2005). Although it is conceivable that mothers may have given socially desirable answers or poorly recalled their breastfeeding experiences, and such imprecisions could have created measurement error. For example, there may be misclassification of breastfeeding in the shortest breastfeeding categories. The shortest breastfeeding category is heterogeneous and includes infant feeding for a few days or a couple of weeks, thus resulting in an underestimate or overestimate of the linkages between NW schedules and breastfeeding. Further, the data do not include information on types of formula milk. These are important areas to expand upon in future data collection endeavors in birth cohort studies.
An important strength of the current study was that analyses adjusted for a number of potential socioeconomic, maternal, and psychosocial factors that may have accounted for the linkages between NW and breastfeeding practices. Although MCS data have rich information on socioeconomic factors, it is still possible there are important omitted variables, such as wealth, that may elucidate the relationships between NW schedules and breastfeeding patterns. A further empirical problem arises from the lack of information on intention to breastfeed. Although a mother’s intention may change before or after the birth of a child, a reasonable surrogate of intention is maternity leave; indeed initial results presented here were not confounded by length of leave. Lastly, the findings from this study do not accurately portray the complex set of decision making and tradeoffs mothers make when integrating work schedules and breastfeeding. These dynamics may be further understood using qualitative data that collects information on how mothers manage NW schedule constraints and breastfeeding behaviors.
In summary, this is the first UK study to add to the growing literature on the prevalence of nonstandard schedules among mothers of a contemporary cohort of children.
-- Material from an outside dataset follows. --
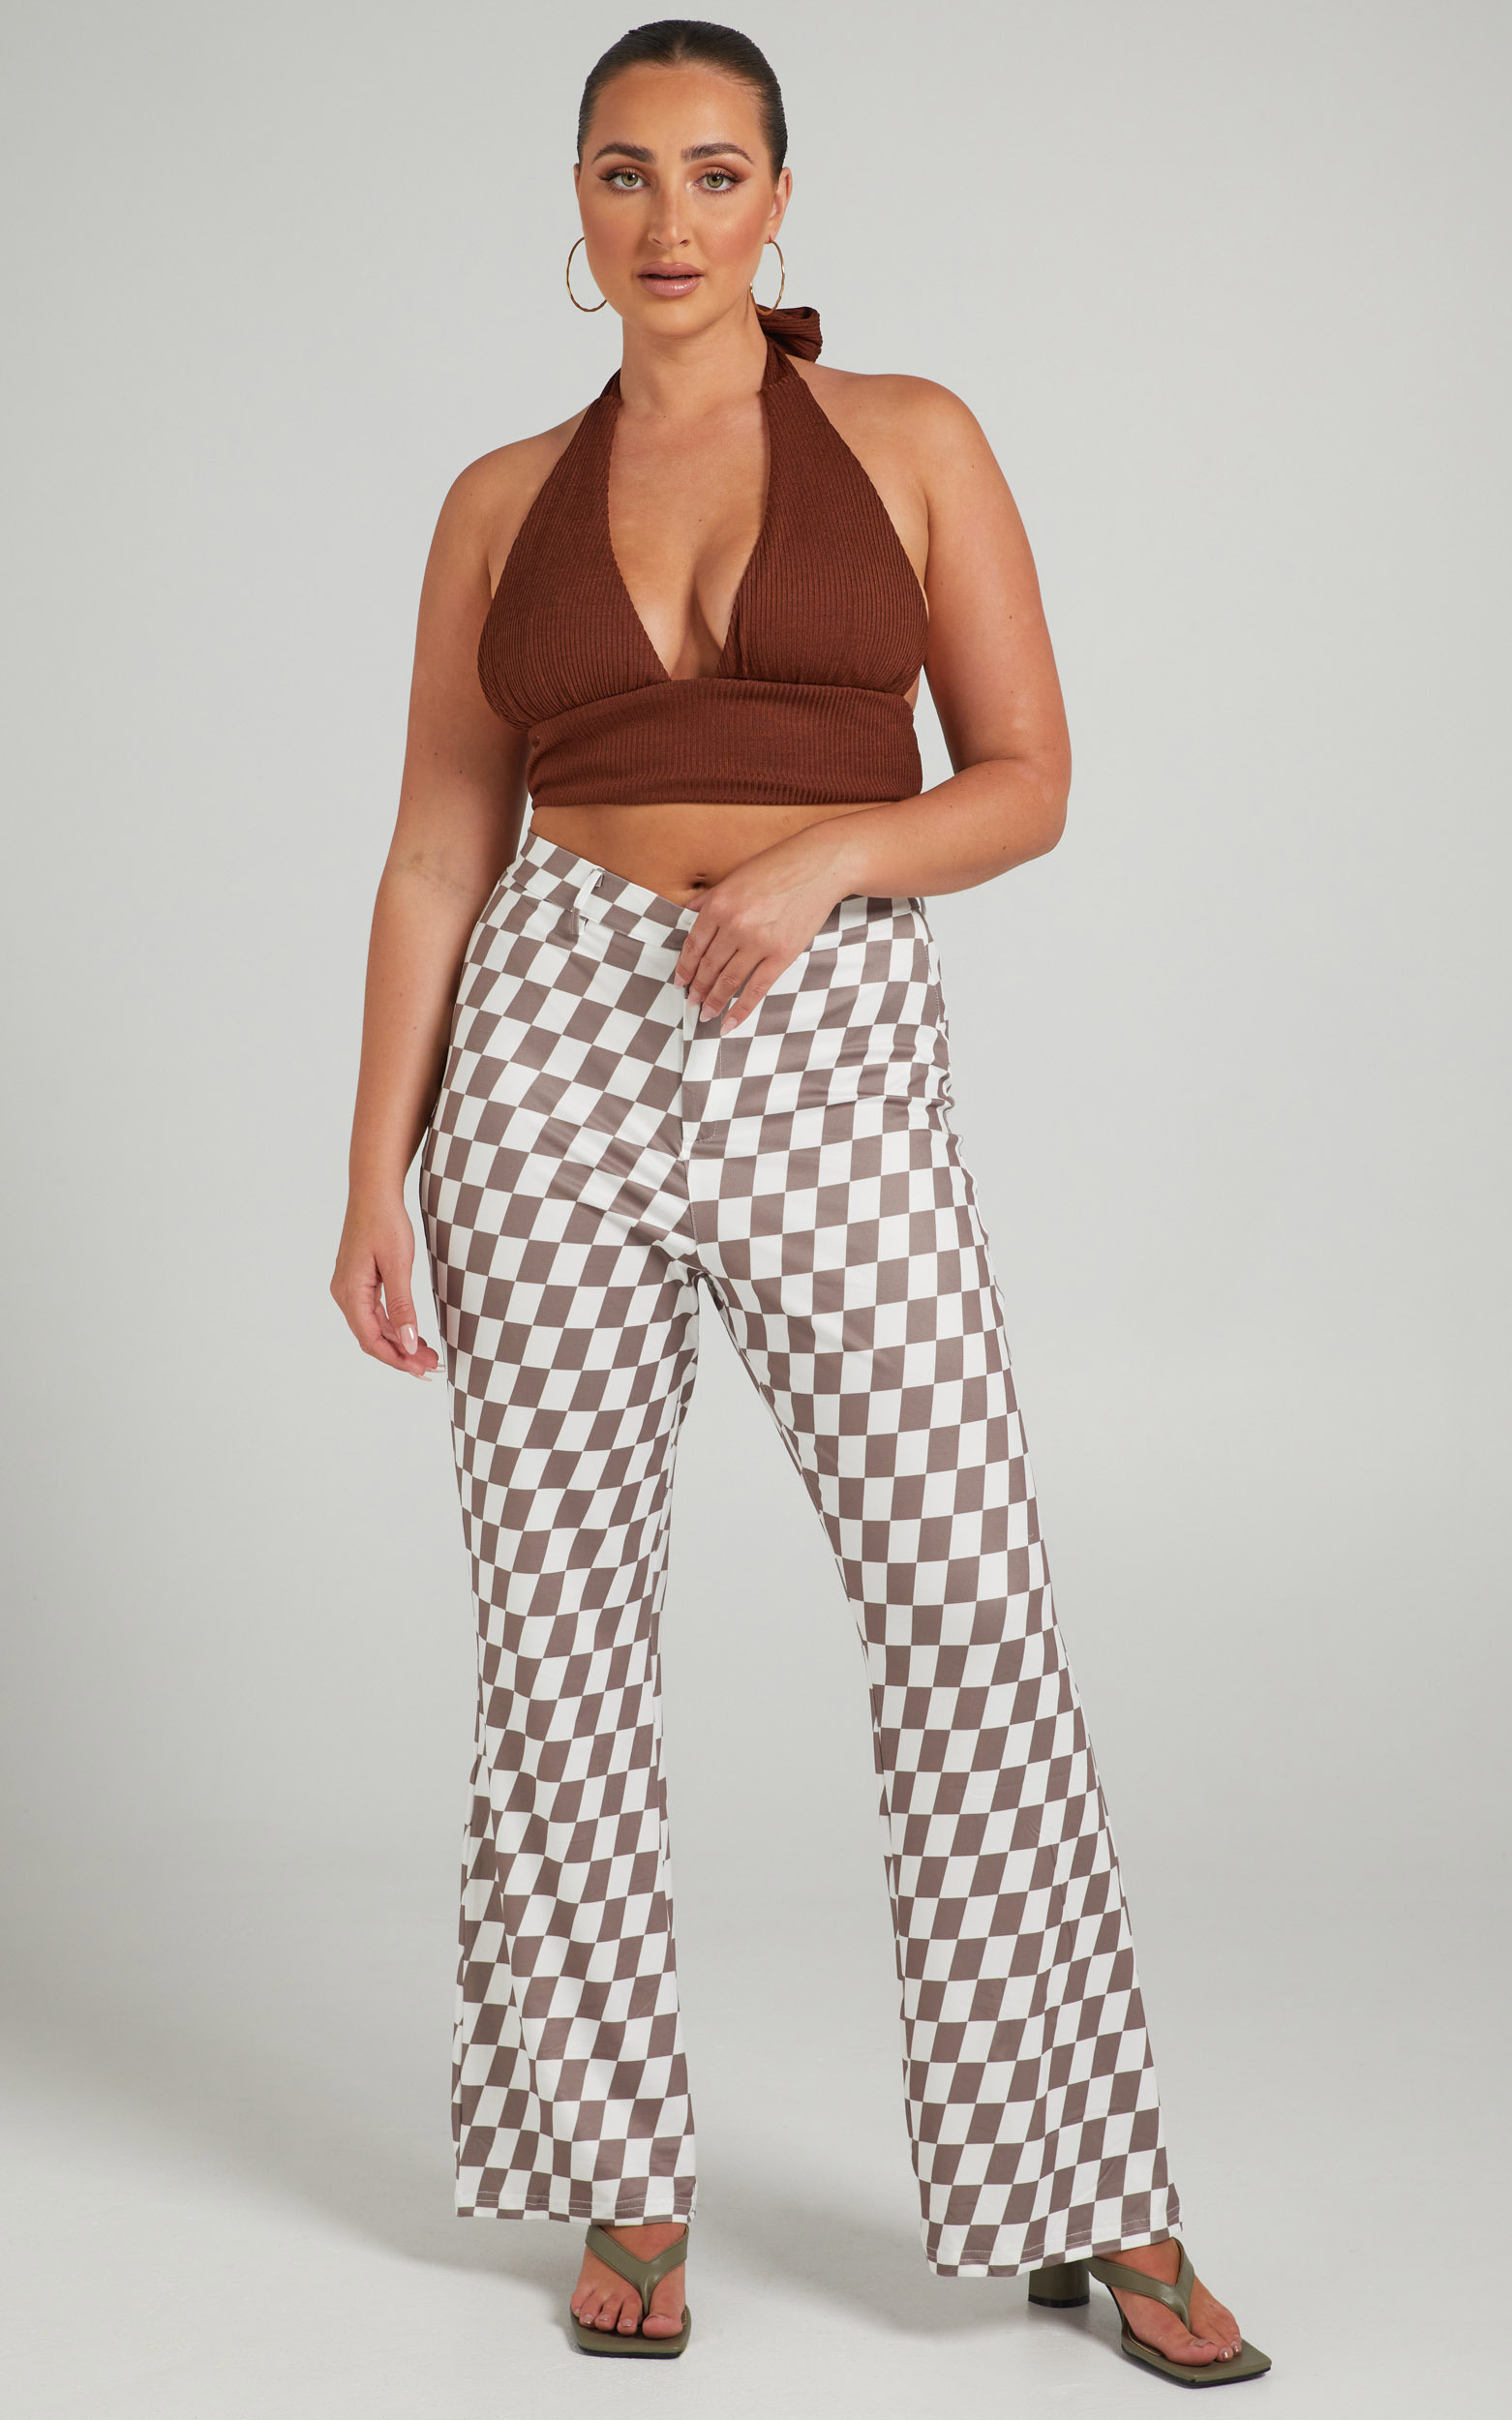 Lenny Mid Rise Pants in Brown check - 06, BRN1, hi-res image number null

The descriptive finding that mother’s evening schedules are positively associated with breastfeeding initiation and longer breastfeeding durations has important policy implications. UK employment policies have encouraged maternal employment (Dolton and Smith
2011) while Department of Health initiatives are facilitating breastfeeding initiation, and particularly for disadvantaged groups, who are disproportionally low-income and less educated (Executive
2003). Future public health strategies can incorporate NW schedules in policies supporting women who aim to combine working and breastfeeding practices.